What Are Cheapfakes (Shallowfakes)?

MAY 23, 2022 Hyosun You, Samsung SDS Corporate Venture ‘Team9’

The previous article introduced deepfakes, which are synthesized images, videos, and other media by the Artificial Intelligence (AI). Aren’t you interested to find out how media was tampered with before the deepfake technology?

Prior to the emergence of AI technology, traditional methods were used for image and video forgery. For example, video editing was mainly used to create video that intentionally distort video contents and image editor programs were used to make composite images for inappropriate purposes. Going back further, people used to manually edit documents or images by faking someone’s signature on a contract or drawing a mustache on a photo. Nowadays, as digital forgery and falsification methods have developed significantly, people started to use specialized programs to edit contents.

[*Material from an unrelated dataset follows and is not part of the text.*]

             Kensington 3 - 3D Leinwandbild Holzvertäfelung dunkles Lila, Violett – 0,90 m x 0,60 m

This kind of tampering is called cheapfake, meaning altered media by human with conventional and affordable technologies without much time and effort. It is also called a shallowfake as opposed to a deepfake.

Image 1. Examples of cheapfakes made by editing images and videos or recontextualizing
(Left) Photoshopped image falsely portraying the filming of MCM’s iconic roaring lion bumper
(Middle) Interview footage of House Speaker Nancy Pelosi intentionally slowed down to make her appear drunk or ill
(Right) An image of former U.S. President Obama listening to an explanation of the Ebola vaccine at the NIH lab, Maryland (2014). The image was falsely claimed to make Obama appear to be listening to a bat project at the Wuhan Lab in China (2020)
Source: MMSys’21 Grand Challenge on Detecting Cheapfakes, https://arxiv.org/pdf/2107.05297.pdf

As online and offline boundaries are blurred and contact-free lifestyles have become the new normal, various forms of communication and commercial transactions are taking place online. In particular, various types of files are transmitted on the internet, ranging from important documents containing personal information and contracts to daily photos shared with friends. As digital media has a growing influence several aspects of our daily lives, there is an increasing need for technology to distinguish forgery to make sure the files we receive are not tampered.

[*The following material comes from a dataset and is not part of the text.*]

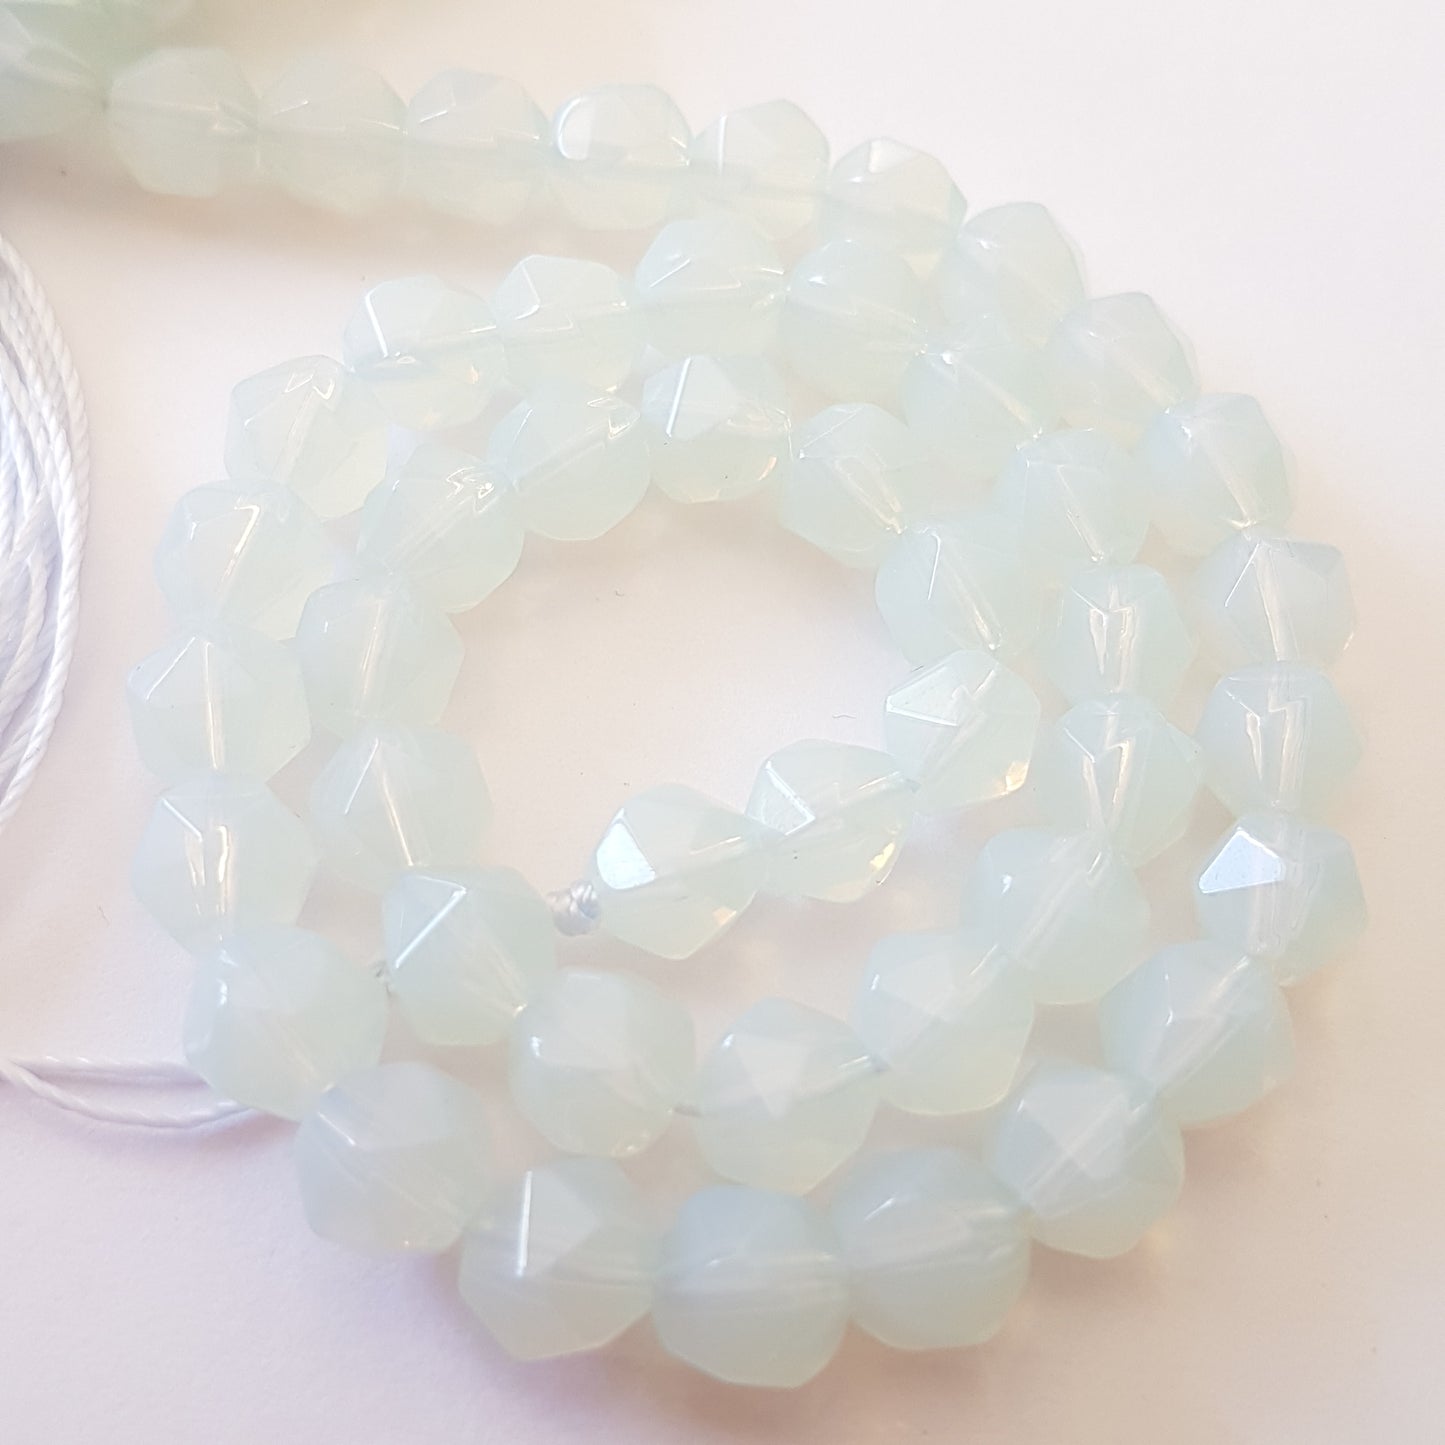 Strand of 8mm Opalite Beads

Currently, cheapfake media detection technology is being actively researched for various purposes in different areas. Following is an actual project case done by Team9.

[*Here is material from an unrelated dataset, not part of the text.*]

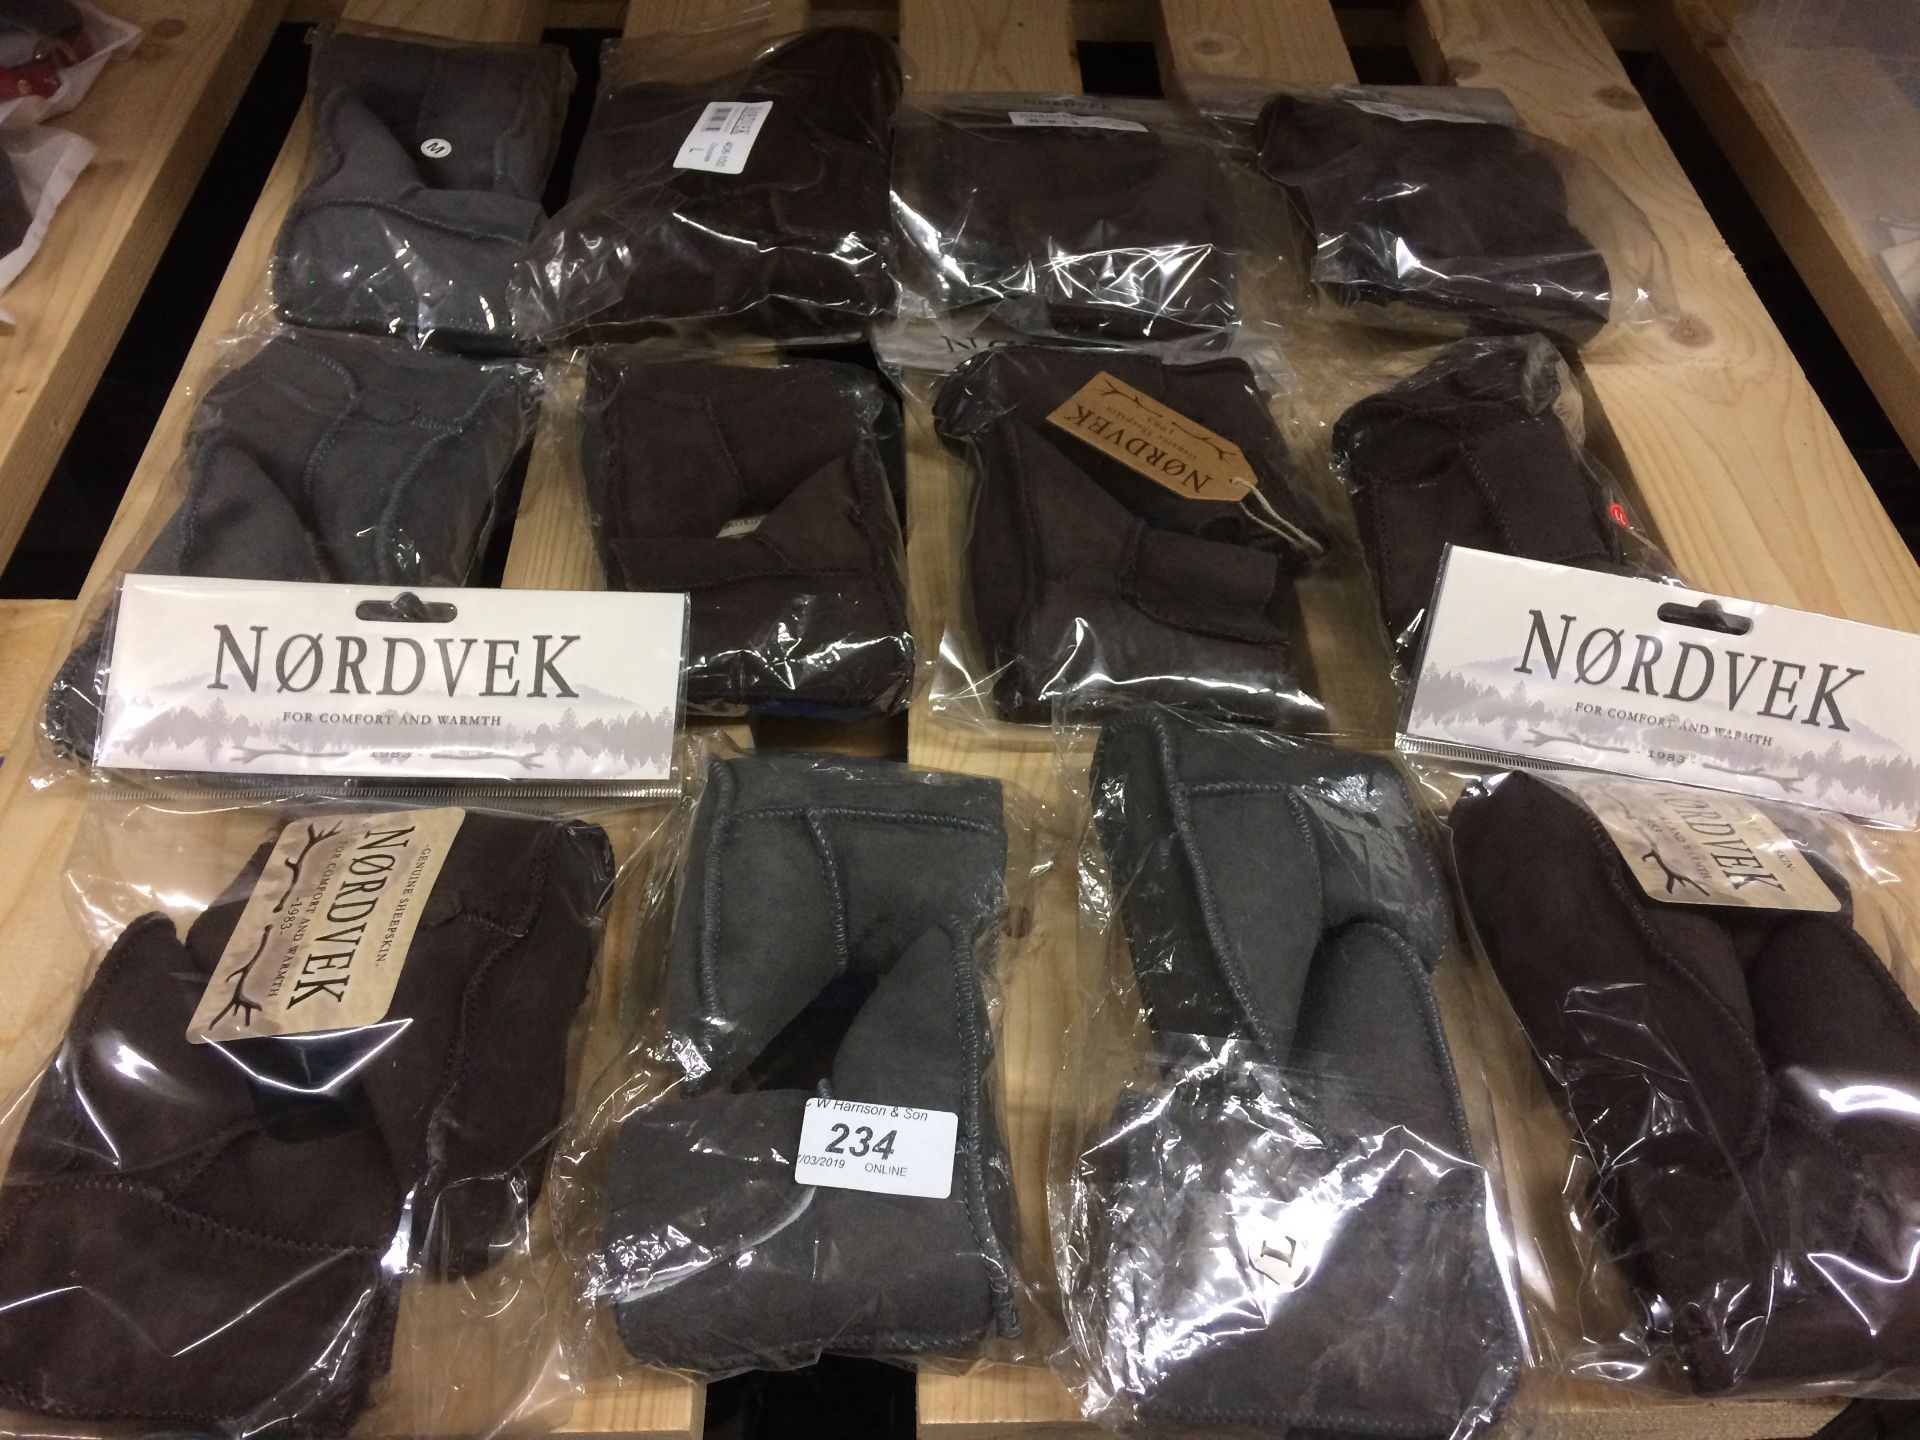 12 x assorted pairs of children's sheepskin boots by Nordvek

Team9 Understands the Customer and Defines the Cheapfake Issue

Cheapfake media vary in types and forms, so it is necessary to clearly define the scope of target and format and utilize relevant technologies depending on the purpose for detection. The cheapfake media files given to Team9 were photos of a printed image (Let’s call them “copied images” for convenience).

Figure 2. Team Nine’s cheapfake media detection project

First, the team analyzed images to be detected to define the issue. They looked quite similar, but when zoomed in, differences were found. Figure 3 below is the comparison among the enlarged images of the original and copied images. Can you see the differences between them?

Figure 3. The original image (left), image that is printed on paper (middle), and image printed on screen (right) [Certain features are notable in the enlarged images.]

Each image shows a certain pattern. To more accurately identify such patterns, the team extracted their patterns and features using AI.

Team9 defined the issue as an image classification problem and decided to solve it by using the Convolutional Neural Network (CNN). CNN is a type of an artificial neural network (ANN), the most commonly used solution to analyze visual imagery, such as searching for a specific object from images/videos or extracting patterns. The algorithm is widely used in computer vision applications.

Figure 4. Example of CNN for image classification
(Source: Laith Alzubaidi, Review of deep learning: concepts, CNN architectures, challenges, applications, future directions, https://journalofbigdata.springeropen.com/articles/10.1186/s40537-021-00444-8)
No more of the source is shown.